Atlantik,Tidenströme und bretonische Spezialitäten
Die Bootsübernahme findet in Cherbourg, Frankreich, statt. Die Marina Chantereyne ist modern und gut ausgestattet, verfügt über ein sehr empfehlenswertes Restaurant mit ausgezeichneter französischer Küche sowie einem kleinen Café gleich um die Ecke, in dem man wunderbar frühstücken und sich auch mit dem berühmten fleur de sel aus der Normandie – einem ganz besonders feinen Salz, das bestens als Souvenir für seine Lieben zu Hause geeignet ist – eindecken kann. Das Stadtzentrum ist nur 10 Minuten von der Marina entfernt und lädt zum Bummeln ein, mit vielen Cafés und Bistros, doch sollte man sich auf jeden Fall Zeit nehmen das Museum La cité de la mer zu besuchen in dem u. a. das größte öffentlich zugängliche Atom-U-Boot zu besichtigen ist. Ansonsten eignet sich Cherbourg ausgezeichnet dazu Vorräte für die Reise einzukaufen und dabei viele französische Köstlichkeiten zu bunkern: Pasteten, Cidre (französischer Apfelwein), die leckeren Tartes aux Citron (Zitronentörtchen) und ein paar Gläser Soupe de Poissons bretonne (Bretonische Fischsuppe) sollten danach auf jeden Fall an Bord sein.
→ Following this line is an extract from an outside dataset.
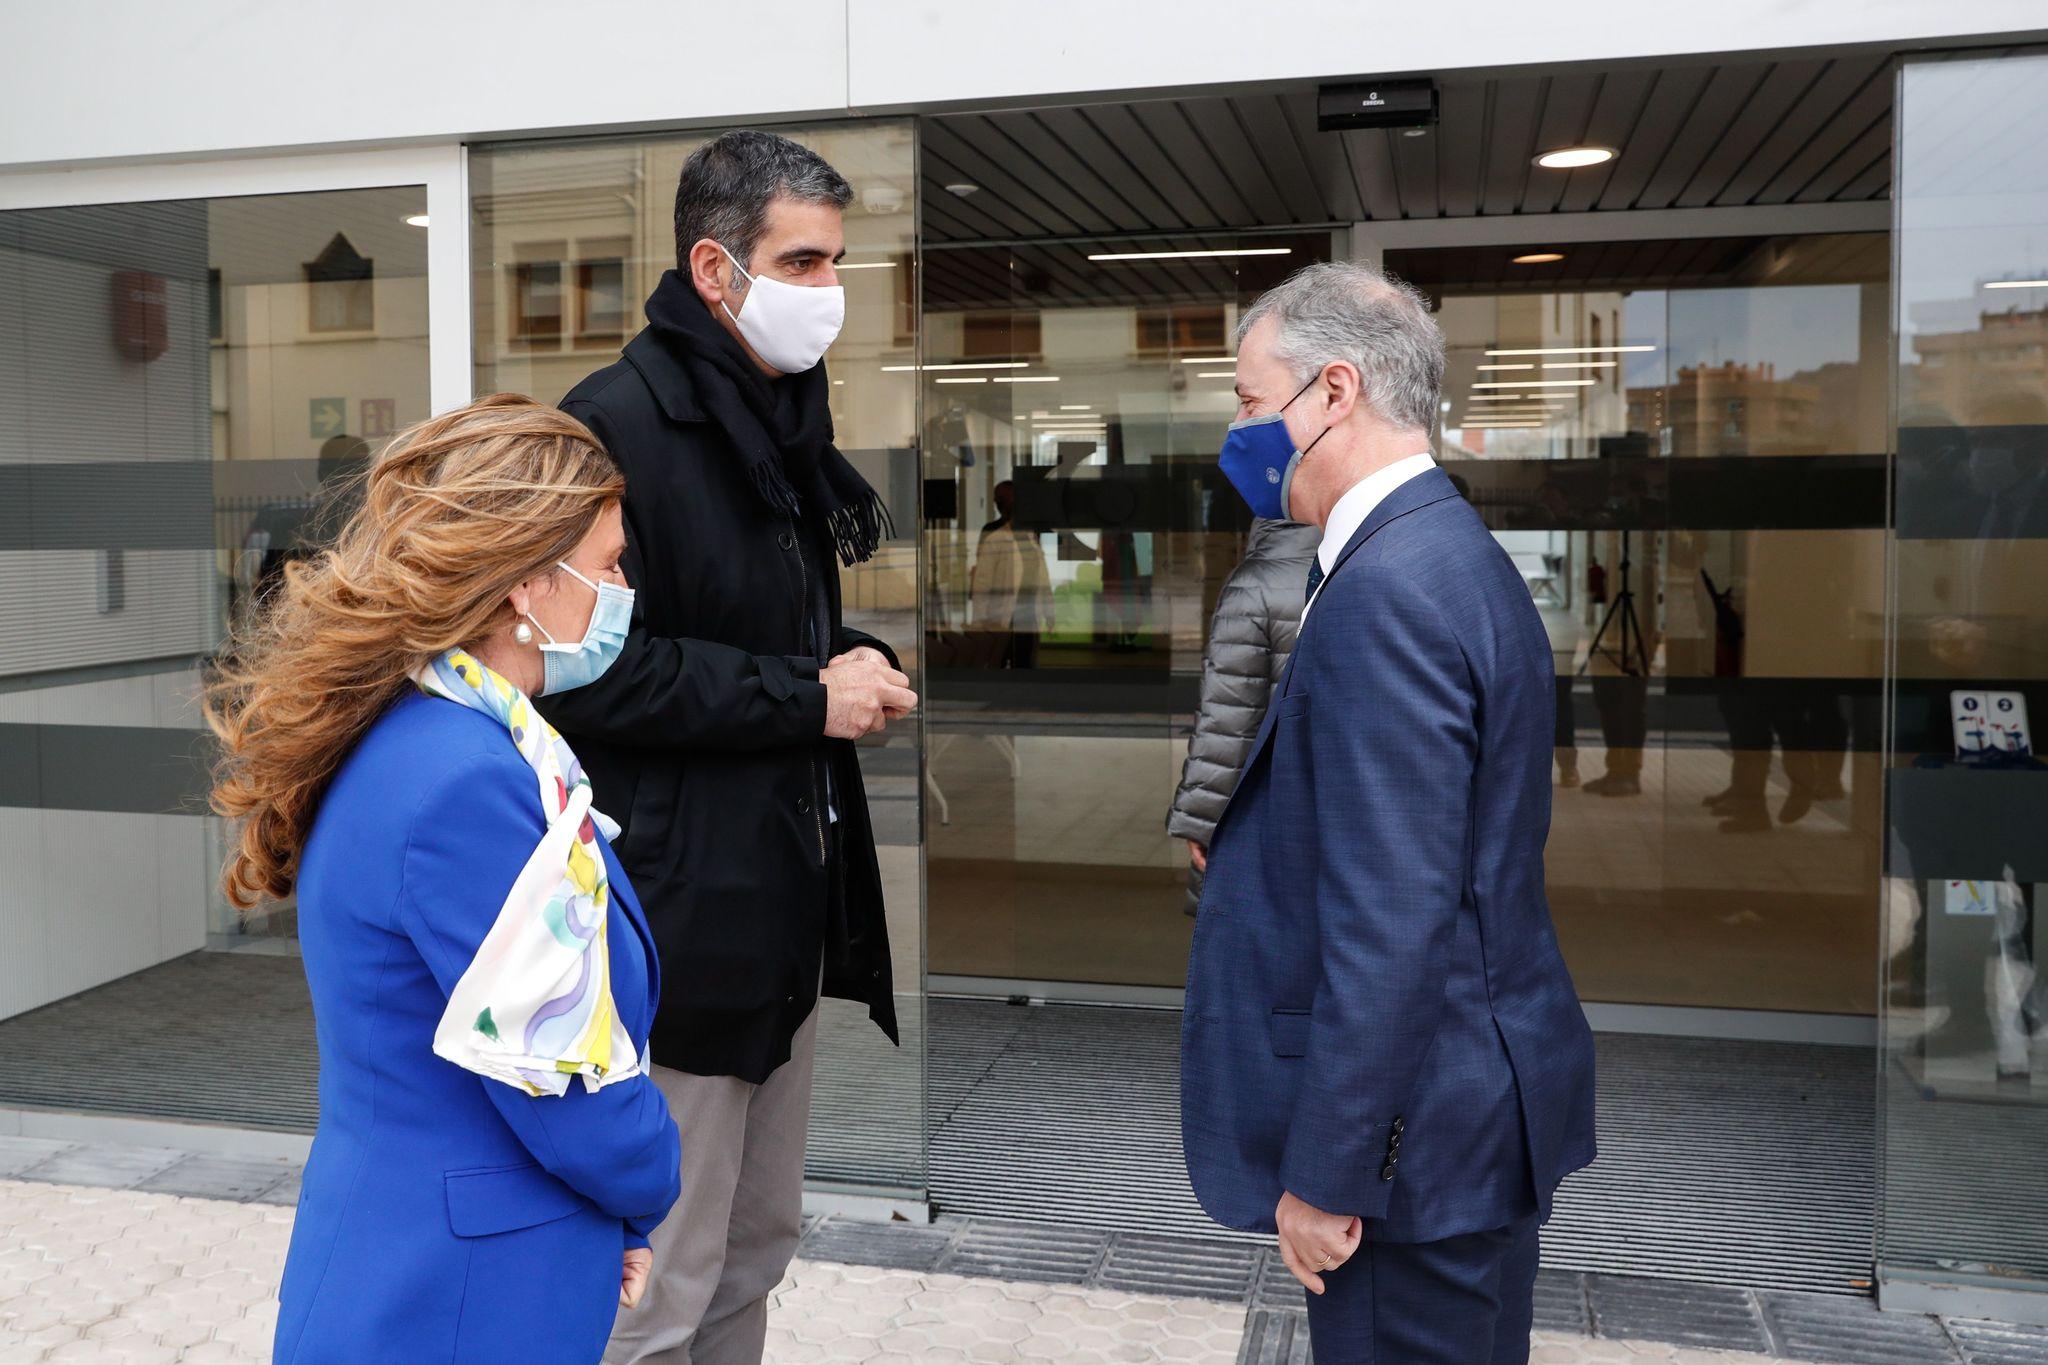 El lehendakari conversa con la consejera Sagardui y el alcalde de San Sebastián Eneko Goia.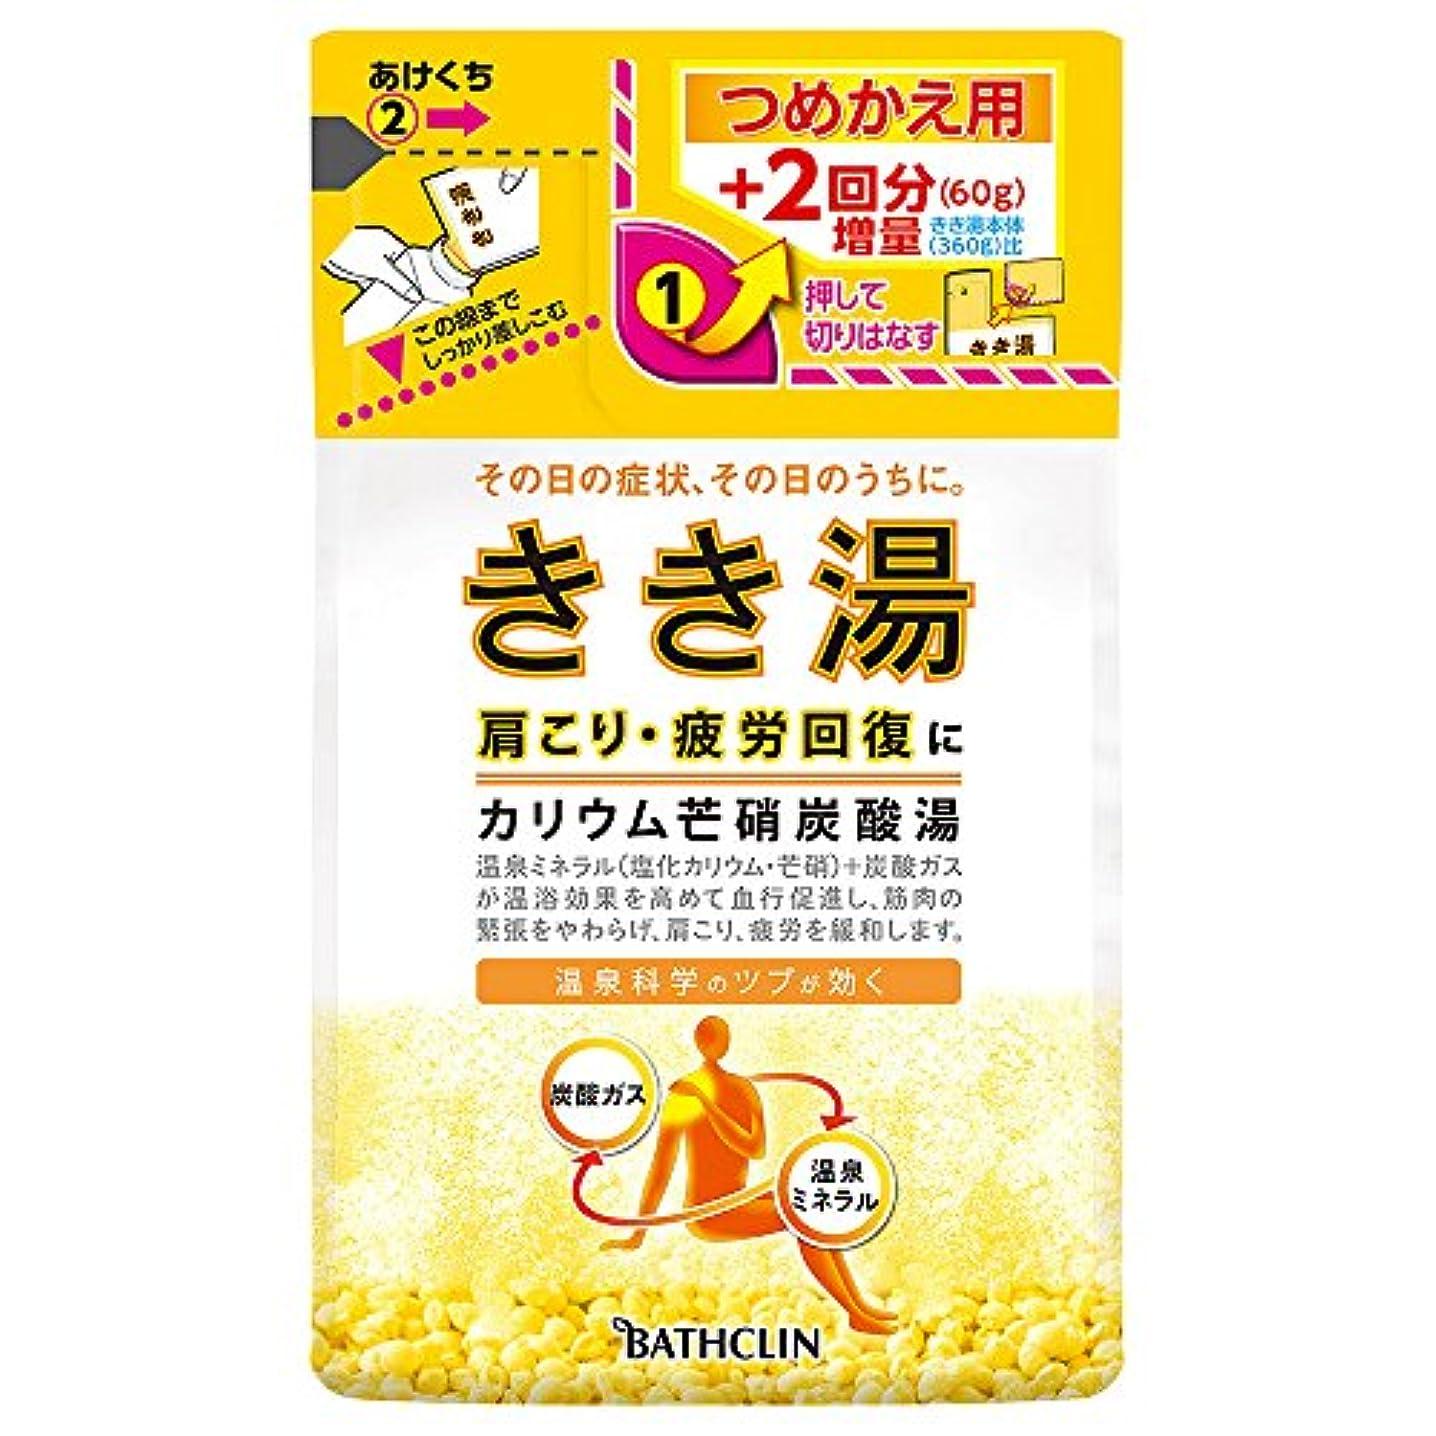 ラウズクリープインデックスきき湯 カリウム芒硝炭酸湯 つめかえ用 420g 入浴剤 (医薬部外品)

Am nächsten Tag heißt es dann „Leinen los" und obwohl Cherbourg ein „gezeitenfreier" Hafen ist, man also unabhängig von Ebbe und Flut jederzeit ein- und auslaufen kann, ist man gut beraten, einen Zeitpunkt zu wählen zu dem der Strom, der bis zu 5,4 Knoten erreicht, nicht gegen an steht, sondern – hoffentlich mit dem passenden Wind – das Boot kräftig in Richtung Kanalinseln schiebt.
Guernsey
Nach dem ersten Tag auf dem Atlantik kommt die Hafeneinfahrt von St. Peter´s Port auf Guernsey in Sicht. Das bei abendlicher Ankunft romantisch angestrahlte Castle Cornet und die beleuchtete Hafenpromenade vor der steil ansteigend errichteten Stadt mit den vielen Masten im Vordergrund machen St. Peter´s Port zum schönsten Stadthafen der Kanalinseln. Es wird erwartet, dass Besucher am Visitors´ Ponton der Victoria Marina festmachen und auf das Dinghy des Hafenkapitäns warten, der nicht nur das Formular zum Einklarieren, sondern auch eine kleine, sehr praktische Broschüre über die Insel überreicht und dann einen geeigneten Platz in der Marina zuweist. Voraussetzung ist natürlich, dass die Gezeitenberechnungen des Navigators stimmen und man zur richtigen Zeit angekommen und die Einfahrts-Sill ins innere Hafenbecken mit genug Wasser bedeckt ist. Ansonsten muss man einige Stunden warten, bis das Wasser wieder steigt. In jedem Fall macht man gleich mit einer sowohl in Frankreich, als auch in England und auf den Kanalinseln, sehr beliebten Praxis Bekanntschaft: „Im Päckchen liegen". Man tut es oft und – ganz im Gegensatz zu adriatischen Marinas – ganz problemlos und selbstverständlich. Drei, vier, manchmal sogar noch mehr Boote nebeneinander sind keine Seltenheit, vor allem auf den Visitors´ Pontons, wenn jeder darauf wartet, dass das Wasser steigt, damit er endlich ins Hafenbecken fahren kann. Zum Zeichen, dass eine andere Jacht längsseits willkommen ist, hängt man einen einzelnen „Freundschaftsfender" an die äußere Seite des Bootes.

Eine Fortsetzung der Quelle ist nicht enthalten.